2. the method for utilizing porous material to realize the ceramic base plate surface planarization according to claim 1, wherein, these porous nanometer structure layer 10 materials can be zeolite, class zeolite, mesoporous material, mesoporous multiple material.
3. the method for utilizing porous material to realize the ceramic base plate surface planarization according to claim 1, wherein, these resilient coating 20 materials can be selected from glaze, glass, pottery, mesoporous material, mesoporous multiple material, and this resilient coating 20 can with porous nanometer structure layer 10 by being constituted with one deck or by multilayer.

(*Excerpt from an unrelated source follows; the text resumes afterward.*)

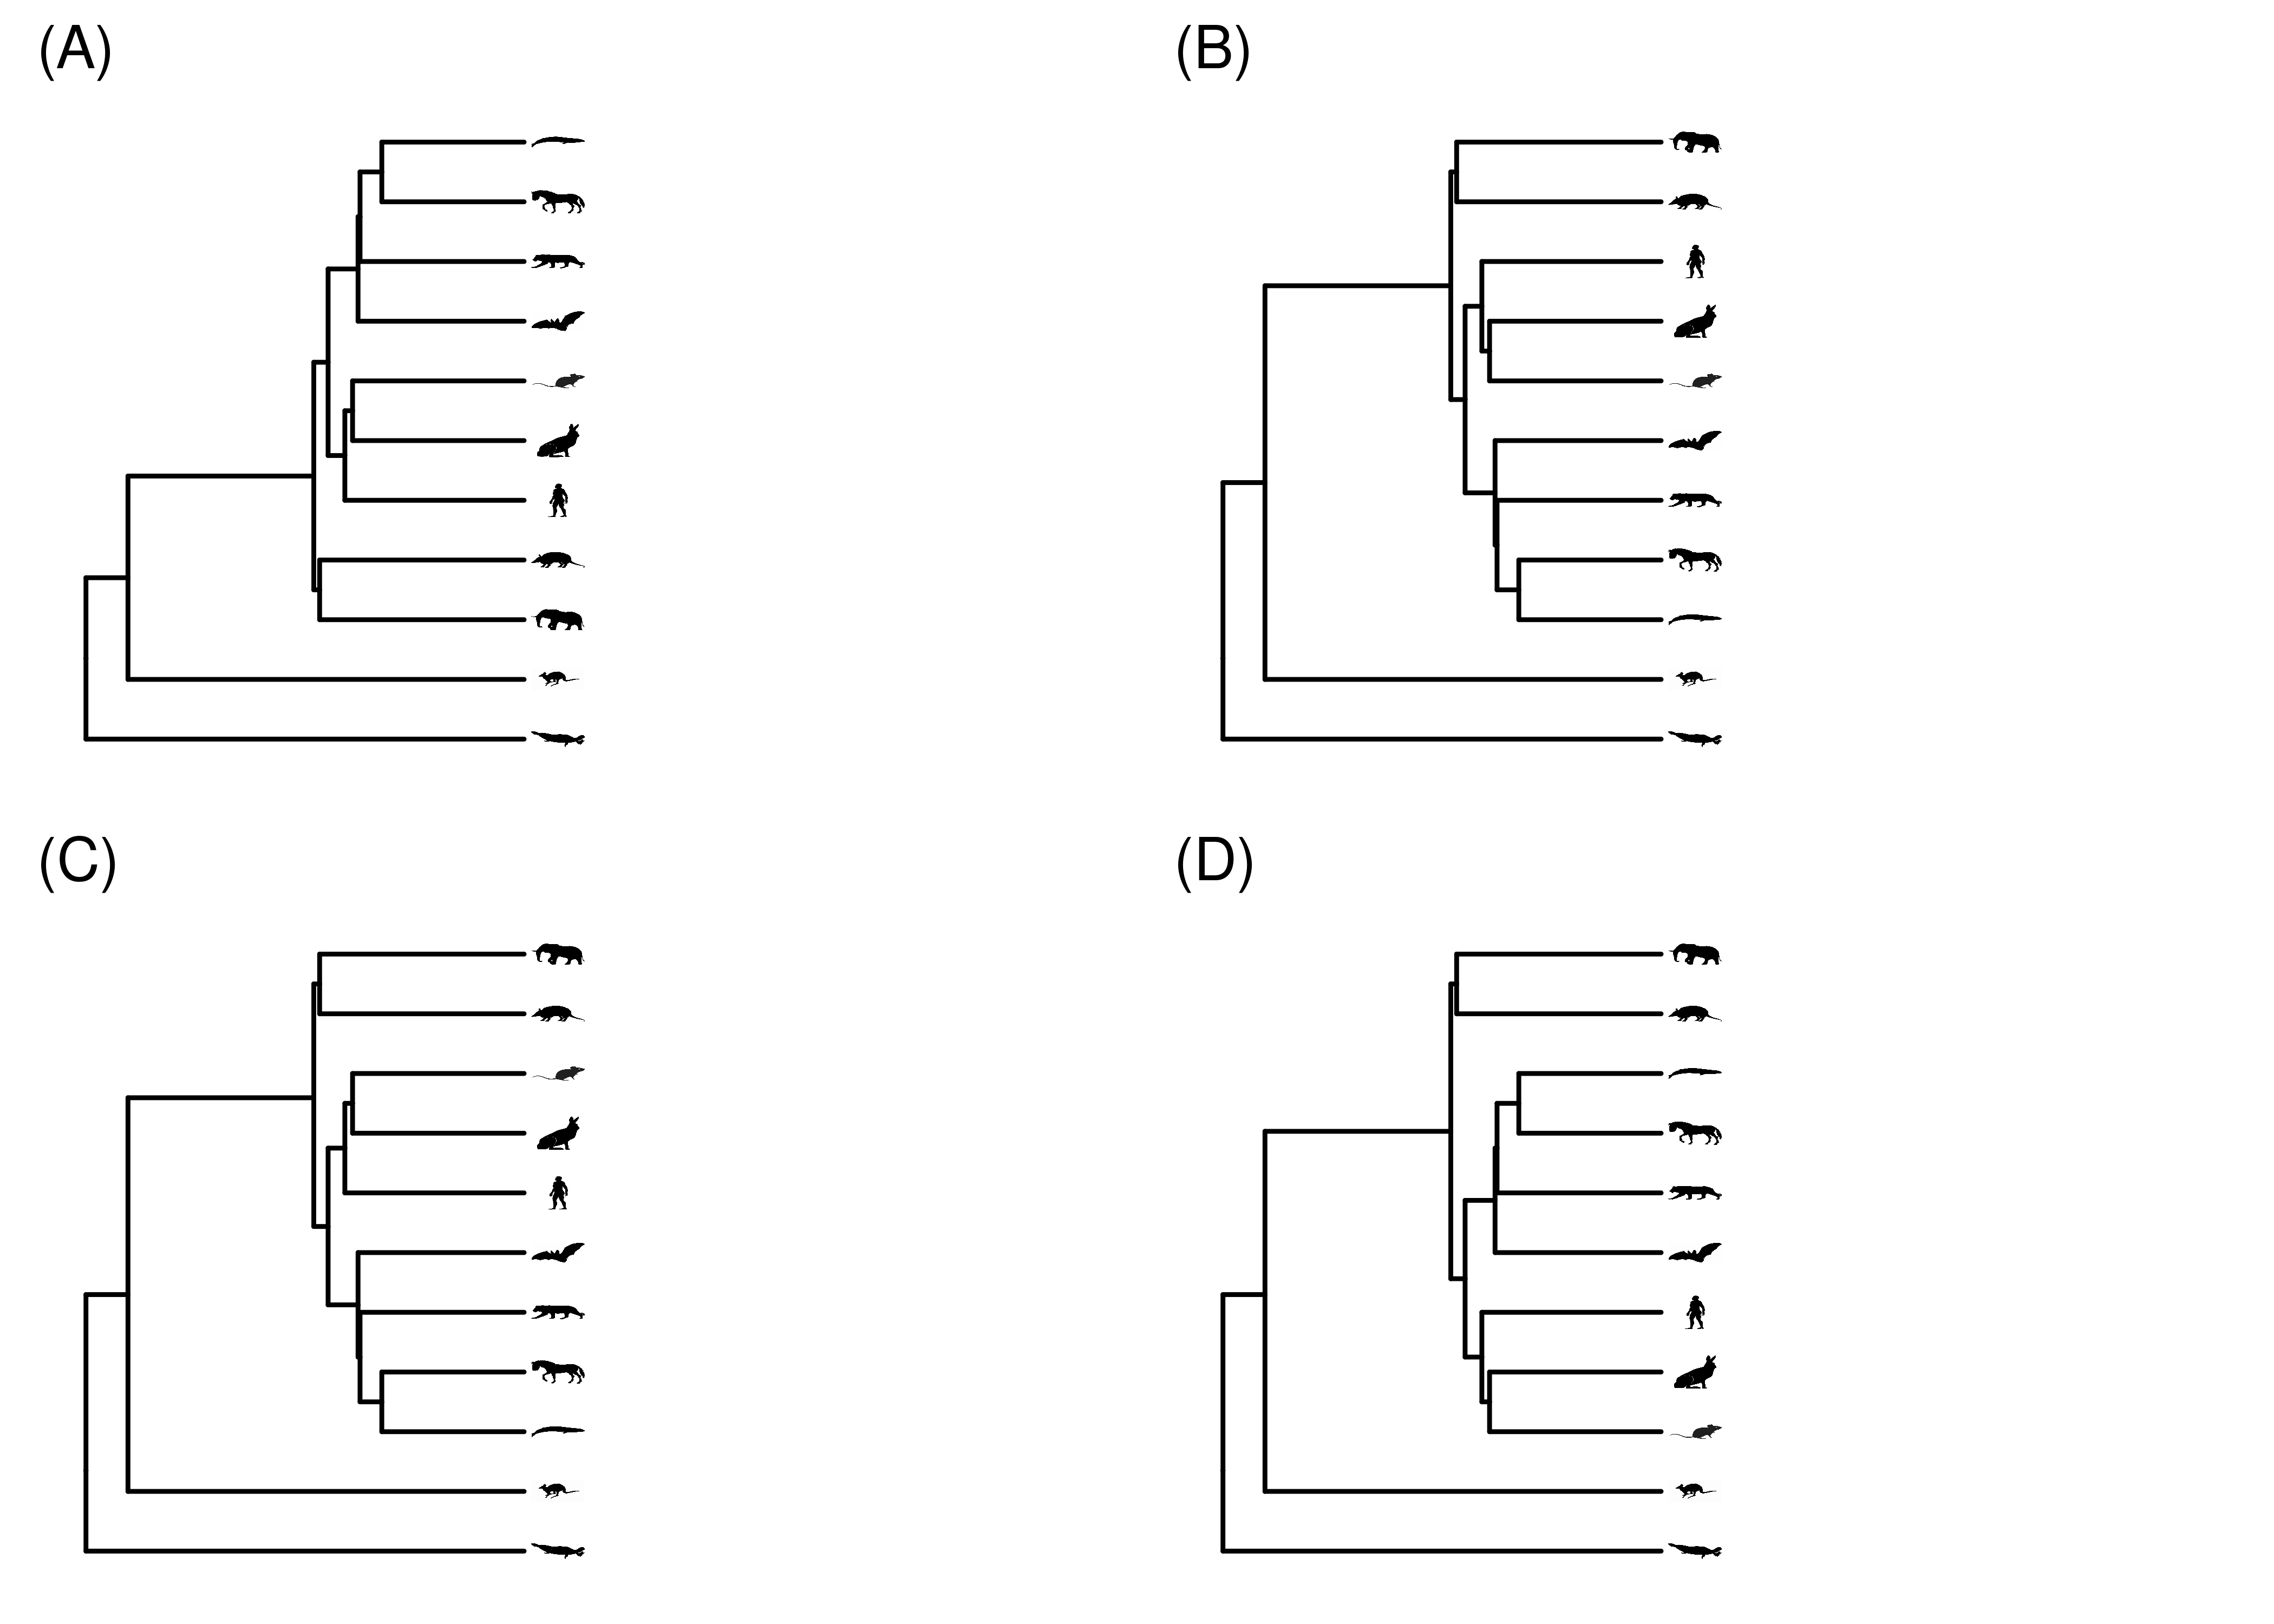 The exact same phylogeny, drawn a few times with different node rotations.

4. the method for utilizing porous material to realize the ceramic base plate surface planarization according to claim 1, it is characterized in that: utilize control porous nanometer structure layer structure, provide substrate to have the substrate of the required characteristic of heat conduction, electric insulation, dielectric and other integration electronic component as resistance (R), inductance (L), electric capacity passive devices such as (C) and integrated passive device thereof.
5. the method for utilizing porous material to realize the ceramic base plate surface planarization according to claim 1, it is characterized in that: utilize control porous nanometer structure layer 10 structure, provide substrate to have heat conduction, electric insulation, dielectric and other and integrate the substrate of the required characteristic of electronic component as active member such as transistor, diode, memory element and integrated active member thereof.

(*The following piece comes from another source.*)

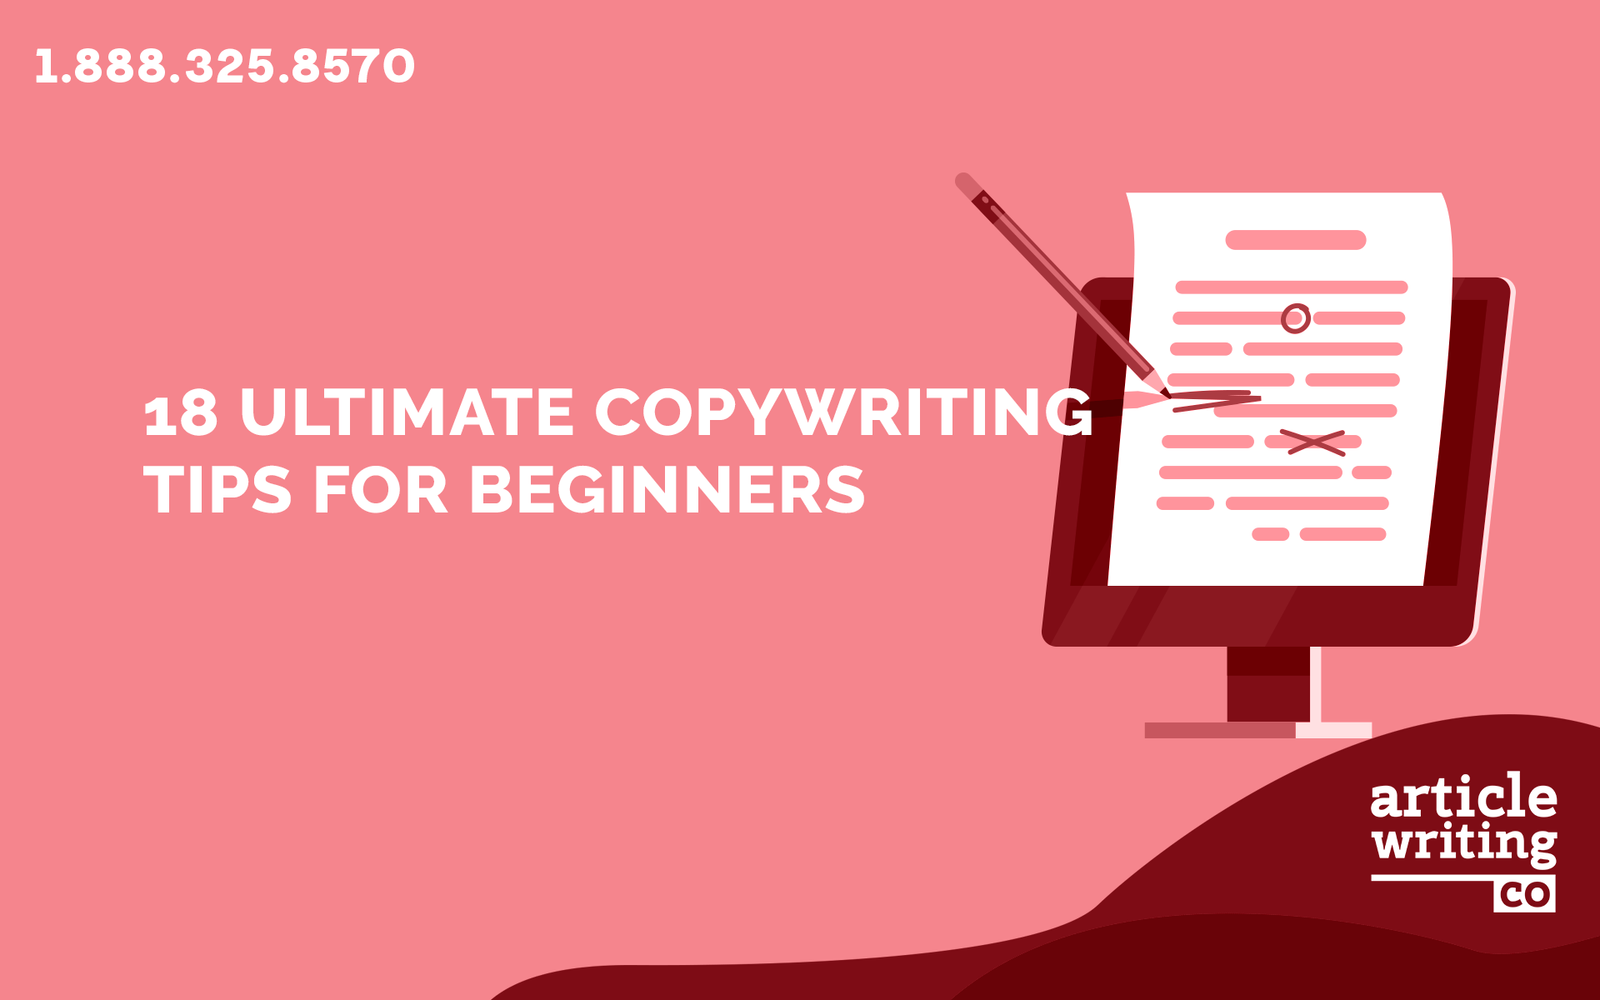 Complete Copywriting Guide for Beginners

6. the method for utilizing porous material to realize the ceramic base plate surface planarization according to claim 1, it is characterized in that: utilize control porous nanometer structure layer 10 structure, provide substrate to have the substrate of the required characteristic of heat conduction, electric insulation, dielectric and other integration electronic component as laser diode (laser diode), light-emitting diode (LED), field emission source light-emitting components such as (Field Emitter).
7. the method for utilizing porous material to realize the ceramic base plate surface planarization according to claim 1, it is characterized in that: utilize control porous nanometer structure layer 10 structure, provide substrate to have heat conduction, electric insulation, dielectric and other and integrate the substrate of the required characteristic of electronic component as light passive device such as fiber waveguide, photodetector and integrated smooth passive device thereof.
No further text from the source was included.